# latest labs on Armour...weird? advice?



## Enigma (Jun 13, 2011)

First labs on Armour (see the other results on synthetics in my signature). on 90mg Armour. Due to lab #s doc wants to lower it to 75 mg.

Been having some anxiety and ravenous hunger.... but overall feel pretty good. Also have dietary issues (eating too much fructose via Agave Nectar) so not sure how much that contributes to the numbers.

The FT3 looks ok but FT4 still looks low? TSH very low, but my doc says they don't treat based on TSH.

She says that this dosage is REPLACING my thyroid function, and they just want to "aid" my thyroid. However, I did not feel well on 75 mg, so not sure why I need to go back down.

Any thoughts/advice??

TSH 0.042 (0.400.4.00)
FT3 4.1 (2.8-5.3)
FT4 1.1 (0.7-1.9)

Vit D 38


----------



## McKenna (Jun 23, 2010)

Your FT3 it at about the mid point, which is good.

Anytime you're on a natural replacement, your TSH will be supressed and your FT4 will be lower. It's very good that your doctor doesn't dose based on TSH!

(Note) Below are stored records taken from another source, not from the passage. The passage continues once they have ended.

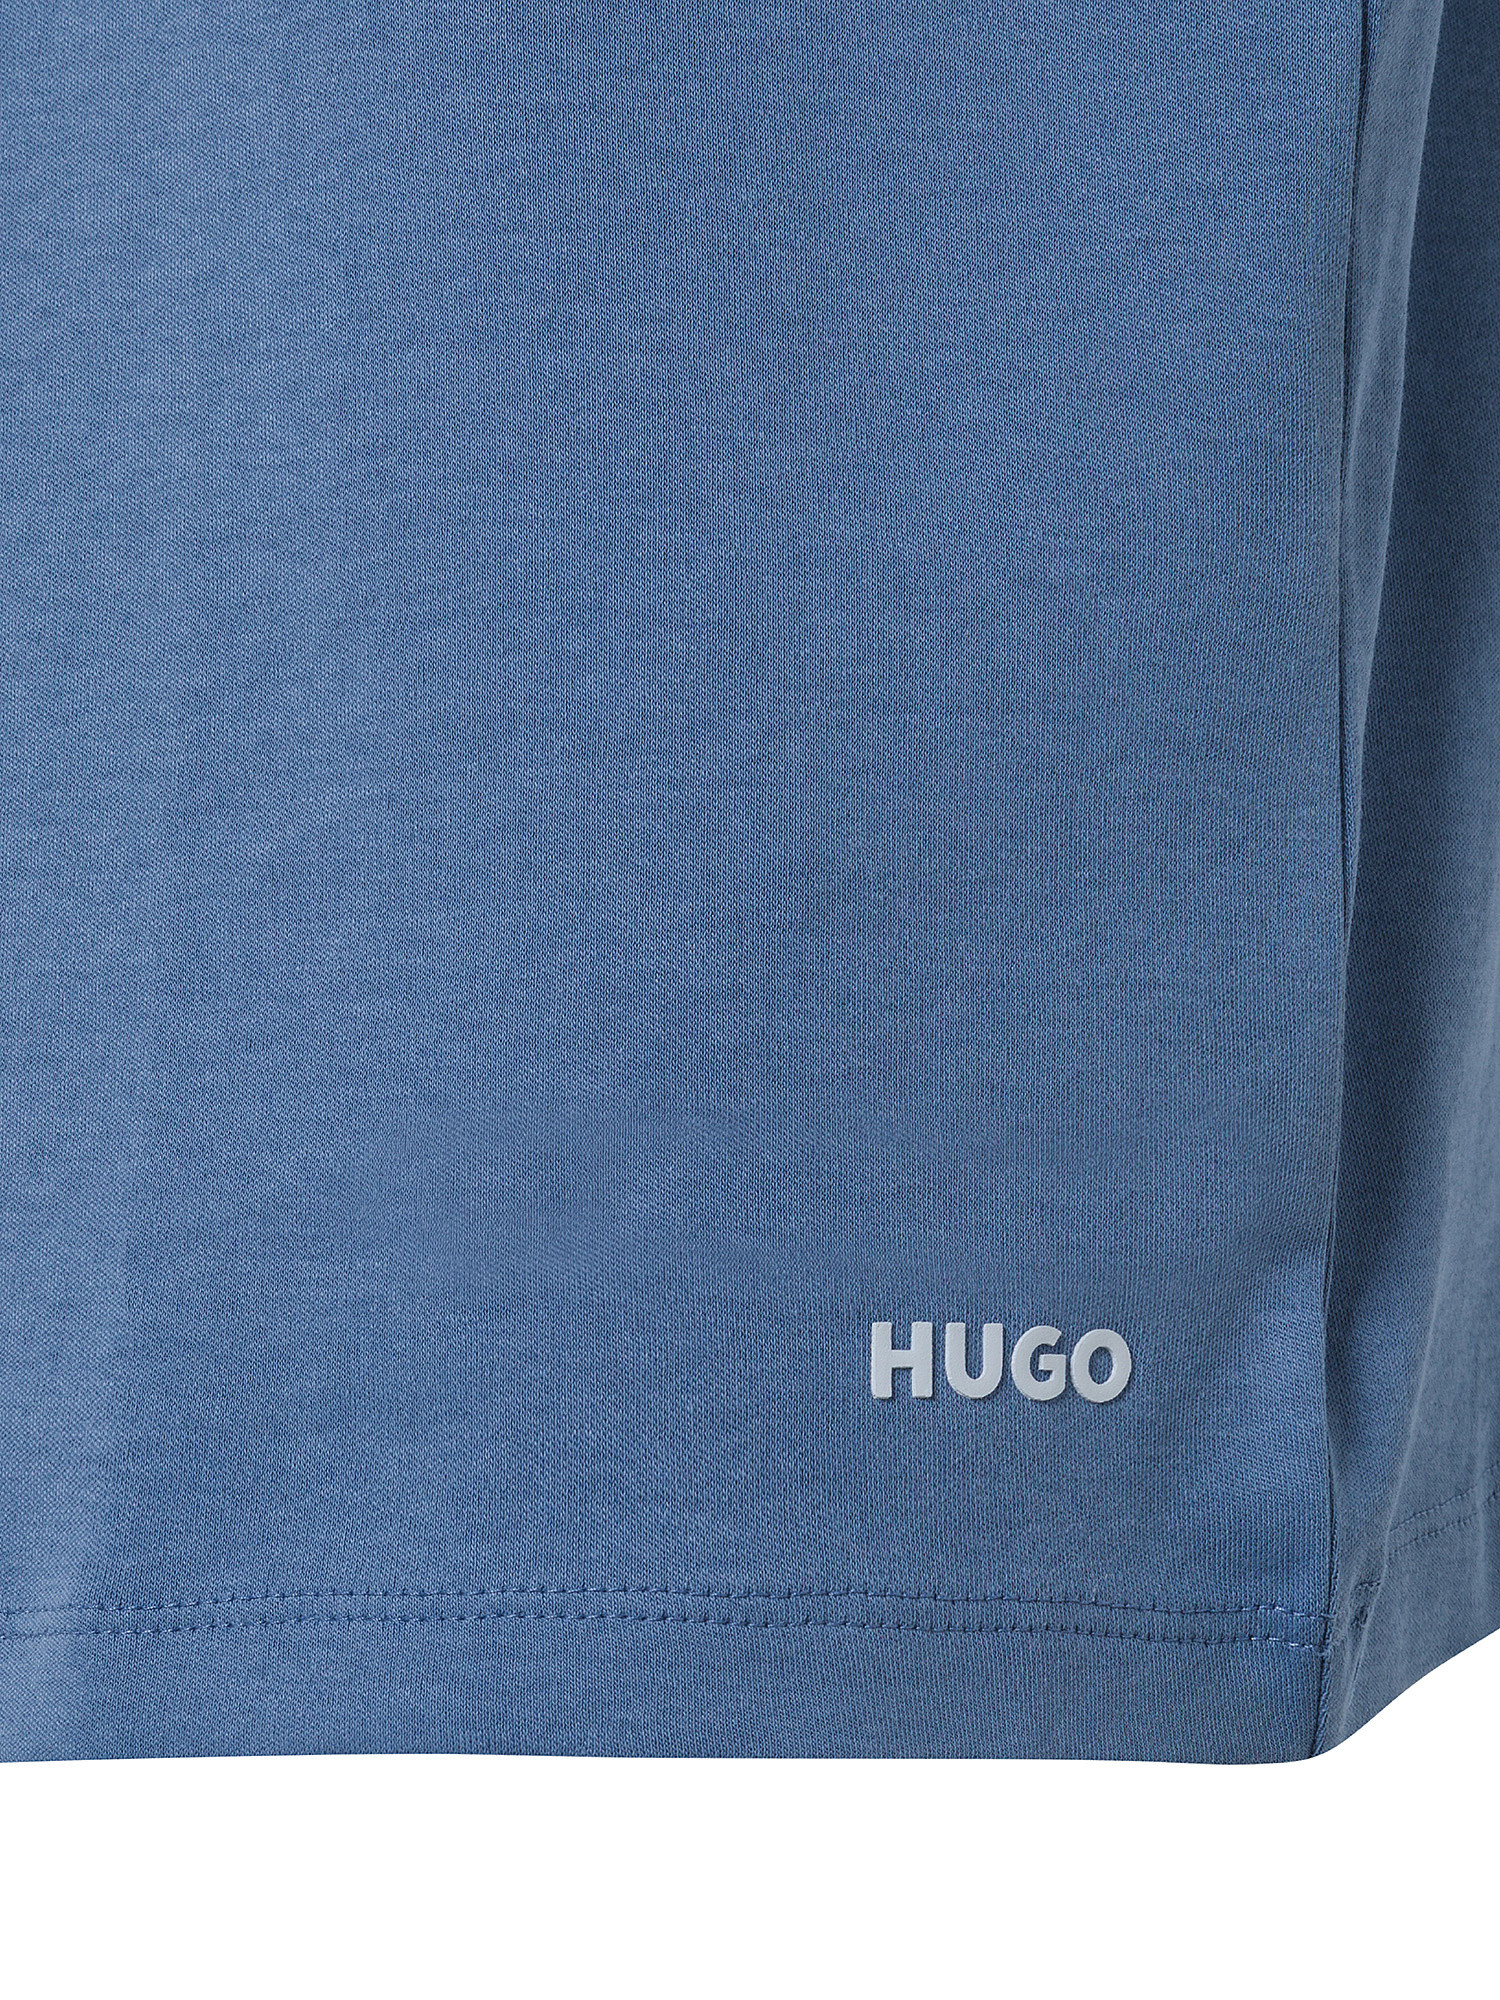 Hugo - T-shirt con stampa logo in cotone, Azzurro, large image number 2
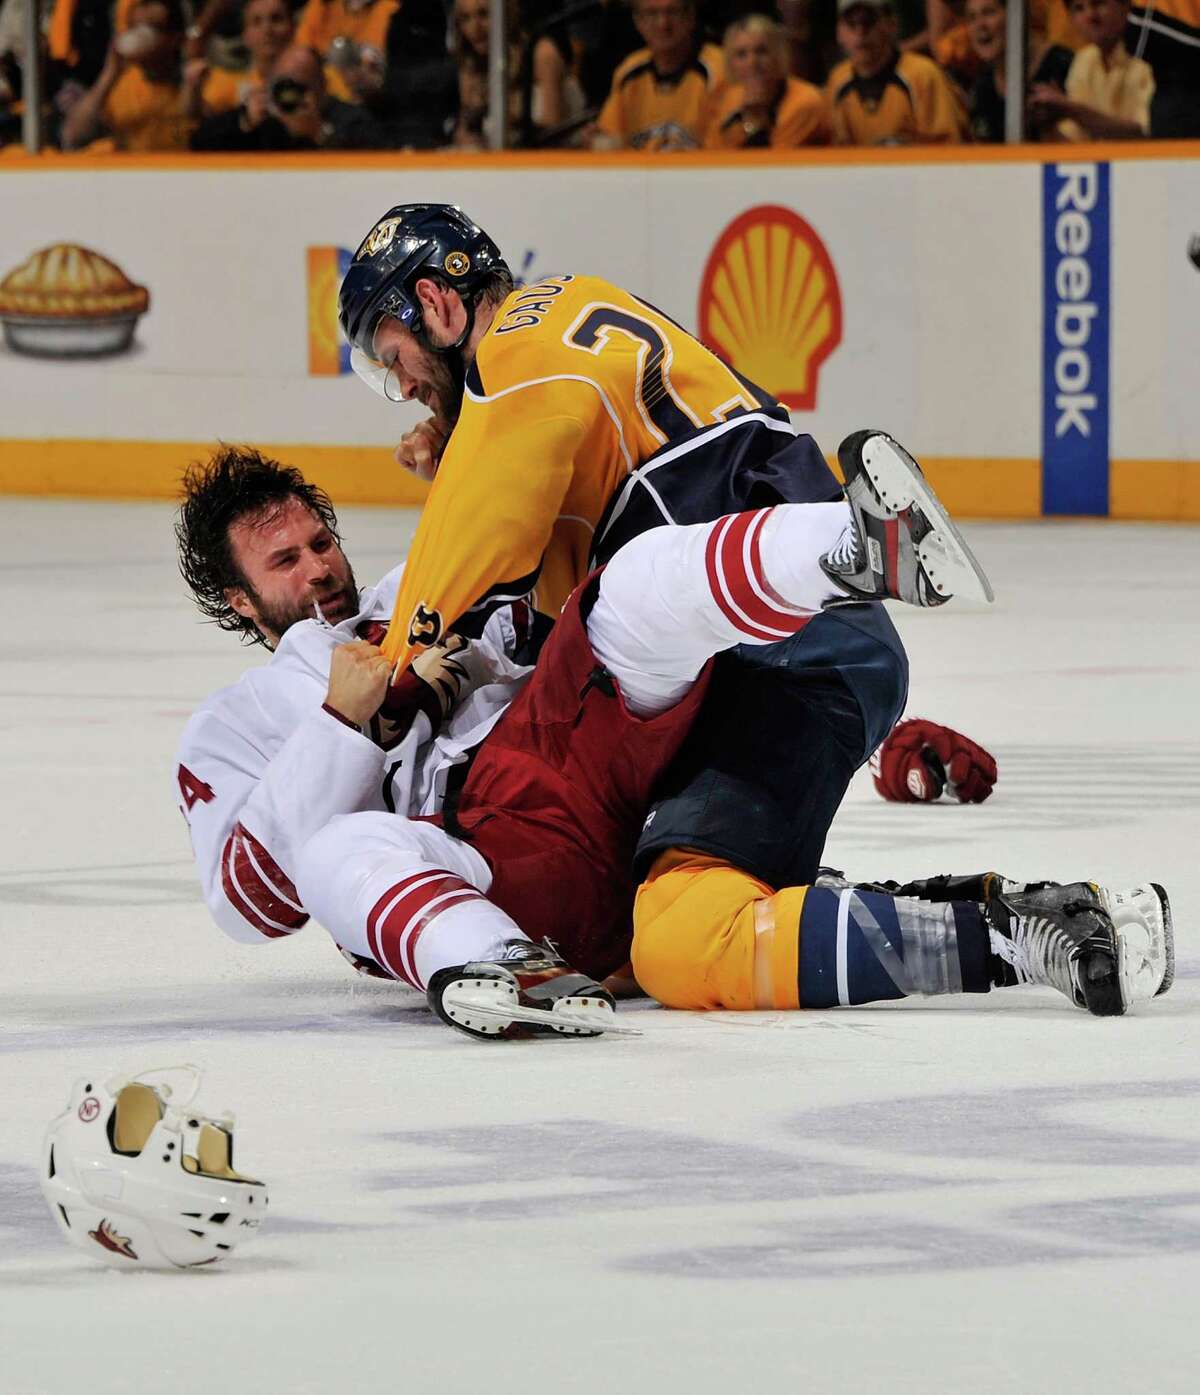 The Predators' Paul Gaustad gets the upper hand on the Coyotes' Kyle Chipchura during the first period.
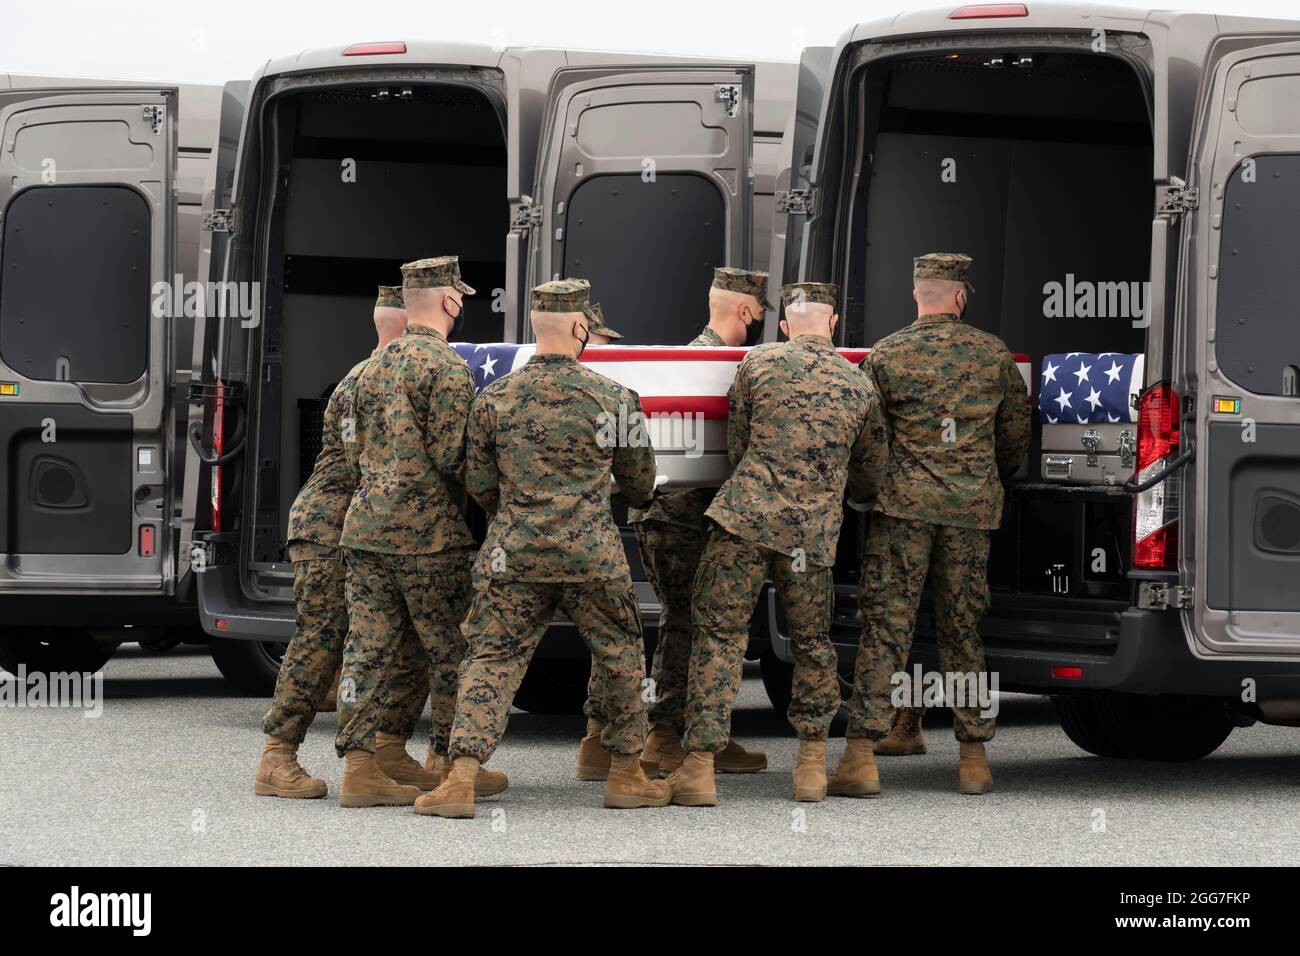 Dover Air Force Base, Delaware, USA. 29th August, 2021. A U.S. Marine Corps carry team transfers the remains of Marine Corps Staff Sgt. Darin T. Hoover of Salt Lake, Utah, August 29, 2021 at Dover Air Force Base, Delaware. Hoover was assigned to 2nd Battalion, 1st Marine Regiment, 1st Marine Division, I Marine Expeditionary Force, Camp Pendleton, California. (U.S. Air Force photo by Jason Minto) Credit: Jeremy Hogan/Alamy Live News Credit: Jeremy Hogan/Alamy Live News Stock Photo

Armour takes a while to get used to. How did you go from synthetic to Armour? It's important to start smaller and go up slowly in dose.


----------



## Enigma (Jun 13, 2011)

I switched docs because my PCP was in over his head... I could tell he wasn't really comfortable treating me, and I wanted someone more familiar with women and thyroid issues. I felt horrible on T4 (even tho I was only on for 2 months) and asked my new doc to switch to Armour. I started for a week or so on 60 mg, then up to 90mg. I felt too revved so she had me do 75, the 75 and 90 every other day, then 90, all over the last 6 weeks.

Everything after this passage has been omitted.